Bitcoin is currently trading around $8,000 after failing to break $10,000 in its last short-lived bull run, peaking at $9,836 on May 5th. Analysts are still deeply divided over whether Bitcoin will slide or soar by the end of the year.
Speaking at the cryptocurrency and blockchain conference Consensus on May 16, Jack Dorsey, CEO of Twitter and Square, remarked that he hopes Bitcoin will become the native cryptocurrency of the internet. “This technology is a fundamental shift to our world and can have so many positive outcomes.” Despite his enthusiasm and his conviction about the internet having a native currency that he hopes will be Bitcoin, he said, “I don’t know if it’ll be Bitcoin or not.”
Prognosticators ride a new tide almost daily with words of condemnation coming as fast as the praise. Recent comments from revered billionaire investors Warren Buffett and Bill Gates, the former comparing Bitcoin to rat poison and the later calling Bitcoin ‘greater fool theory’ type of investment, have reverberated across mainstream news outlets as the grand touché knocking Bitcoin.
A look at the adoption of coffee, margarine, the commercial tractor and other widely used and accepted products and innovations show massive public resistance before these inventions went mainstream.
Calestous Juma, former professor and faculty chair at Harvard Kennedy School, and author of Innovation and Its Enemies, explored the introduction of a range of products and the resistance that followed. Applying his theoretical concept of “evolutionary technological change” and citing 600 years of economic history, he shows the roots of resistance to new technologies.
Not all resistance is created equal. Although resistance has left a trail of broken promises, with losers and winners, it has also played a vital role in creating products and technologies that are more secure, safe, practical, efficient and robust.
Coffee
“Coffee was the subject of opposition for nearly 300 years. There have been many products that have been the subject of similar resistance, ranging from tractors, refrigeration, printing of the Koran, recorded music, which was banned several times in this country.” (clip)
“The detractors were as colorful in their depiction of coffee as they were critical. A 1663 broadside entitled A Cup of Coffee: or, Coffee in Its Colours, derided those who had turned into Turks by drinking coffee. These ‘Pure English Apes’ the author charged, ‘might learn to eat Spiders.'”

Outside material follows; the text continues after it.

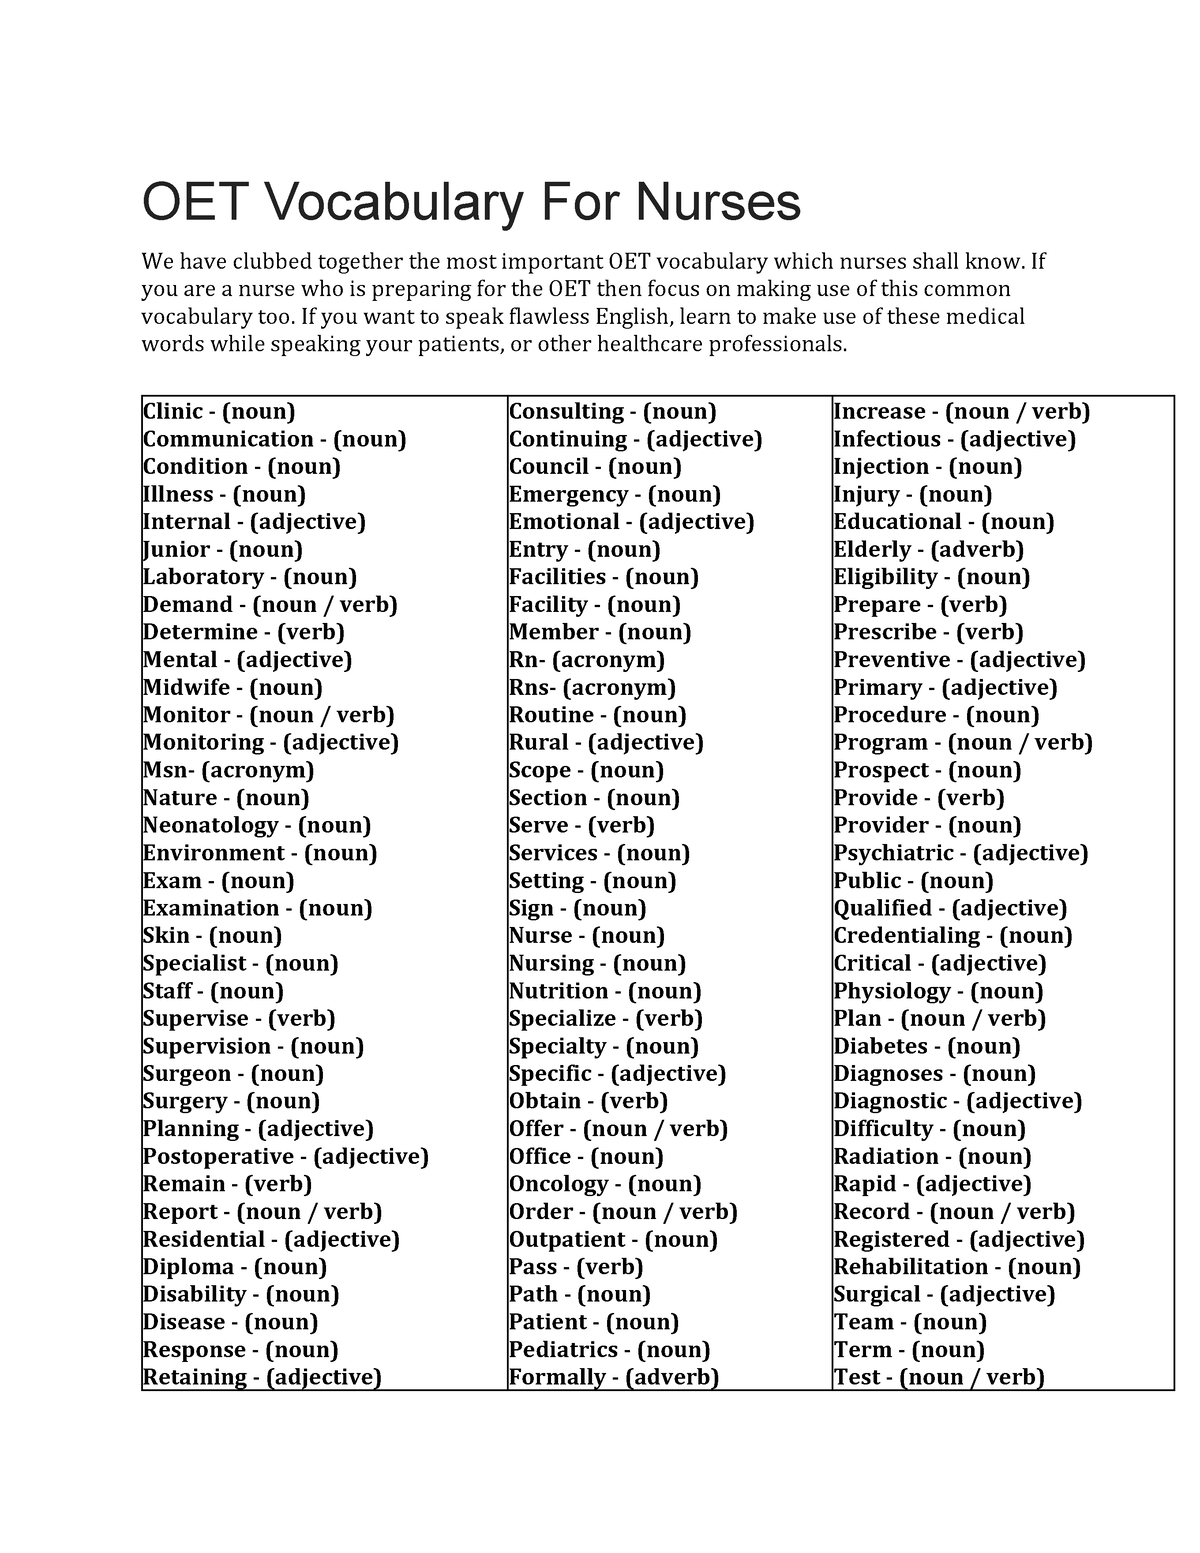 OET Vocabulary For Nurses - If you are a nurse who is preparing ...
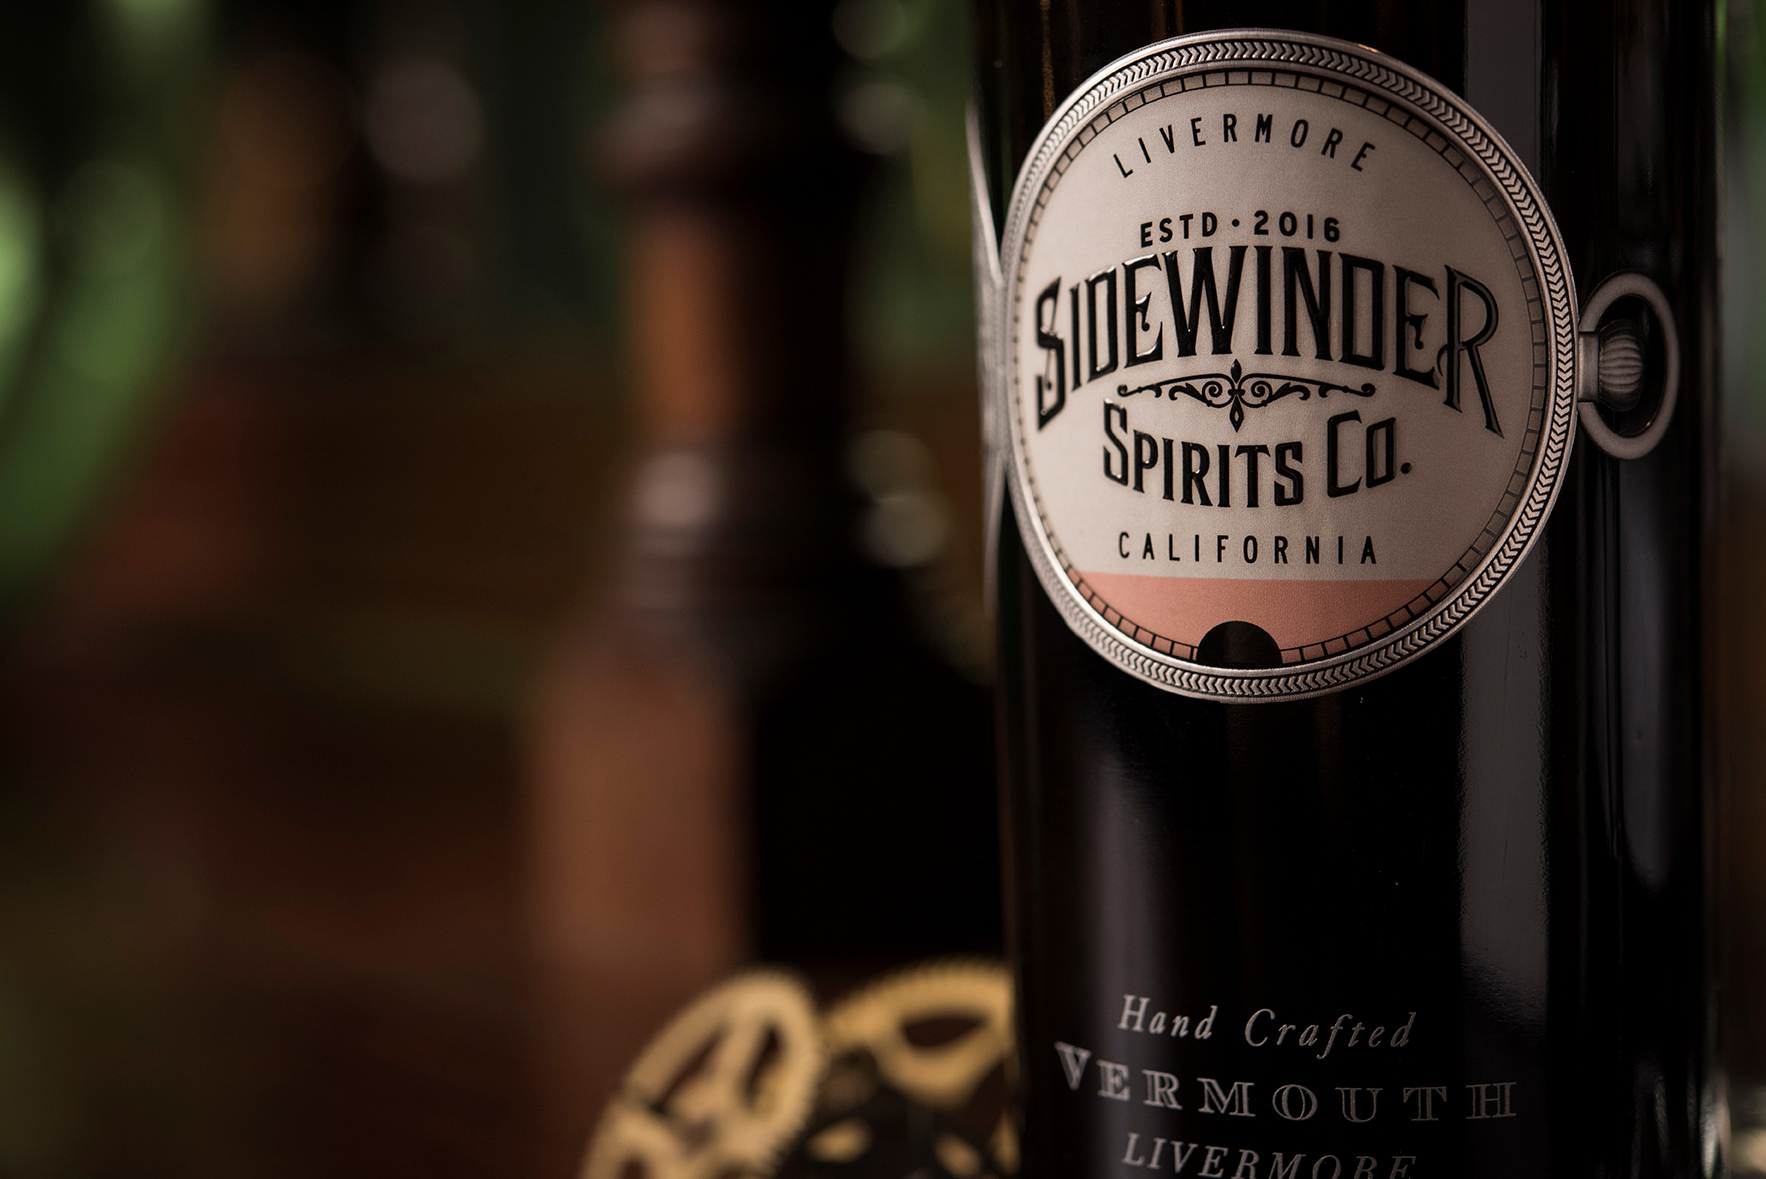 Group A, Category A2 and Best in Show MCC USA for Sidewinder Spirits

“In 1673 the king sought to influence public opinion against coffee by issuing The Grand Concern of England explained, with little success. He asserted:
As for coffee, tea and chocolate, I know no good they do; only the places where they are sold are convenient for persons to meet in, sit half day and discourse with all companies that come in of State matters, talking of news and broaching of lies, arraigning the judgments and discretion of their governors, censuring all their actions, and insinuating into the ears of the people a prejudice against them; extolling and magnifying their own parts, knowledge and wisdom, and decrying that of their rulers; which if suffered too long, may prove pernicious and destructive.”
Pink Margarine
“The opponents used legislation as a way to curtail the adoption. Some of the legislation required that margarine was labeled and in many cases there were requirements for it to be colored pink so that it could be distinguished by consumers and rejected.” (clip)
“In 1886 the US Congress passed the Oleomargarine Act. The 1886 statue and subsequent amendments and laws, however, failed to slow the spread of margarine. Many consumers recognized margarine as providing the same service as butter at a significantly lower price, and that trumped the legislation. Margarine held its market position, and in many instances the voters rejected prohibitive margarine legislation in referendums.
A series of lawsuits were filed against the Oleomargarine Act of 1886. Courts sustained the law as a tax instrument within the federal government’s almost-plenary tax power. Lawsuits to invalidate the labeling or licensing requirements were also dismissed. Similar rulings upheld state laws restricting trade in margarine. In 1895, the Supreme Court upheld a Massachusetts law on the absolute prohibition of colored margarine. Laws were also passed to ensure that margarine crossing a state line would be subject to prohibition in the original packaging. Those laws were also upheld by the Supreme Court because they were an expression of the police power of the state.
The dairy industry needed to become more aggressive after it realized that state laws were not meeting its expectations and reducing the consumption of margarine. The dairy industry stepped up its efforts to get more aggressive and damaging legislation passed against margarine. At the dairy industry’s recommendation, some states made the laws more severe, while others prohibited the manufacture and sale of margarine altogether. Five states further stipulated that any product manufactured in imitation of butter must be dyed pink.”
Like every product or invention that arrives in its era and finds its audience, vanquishing the resistance is a matter of time.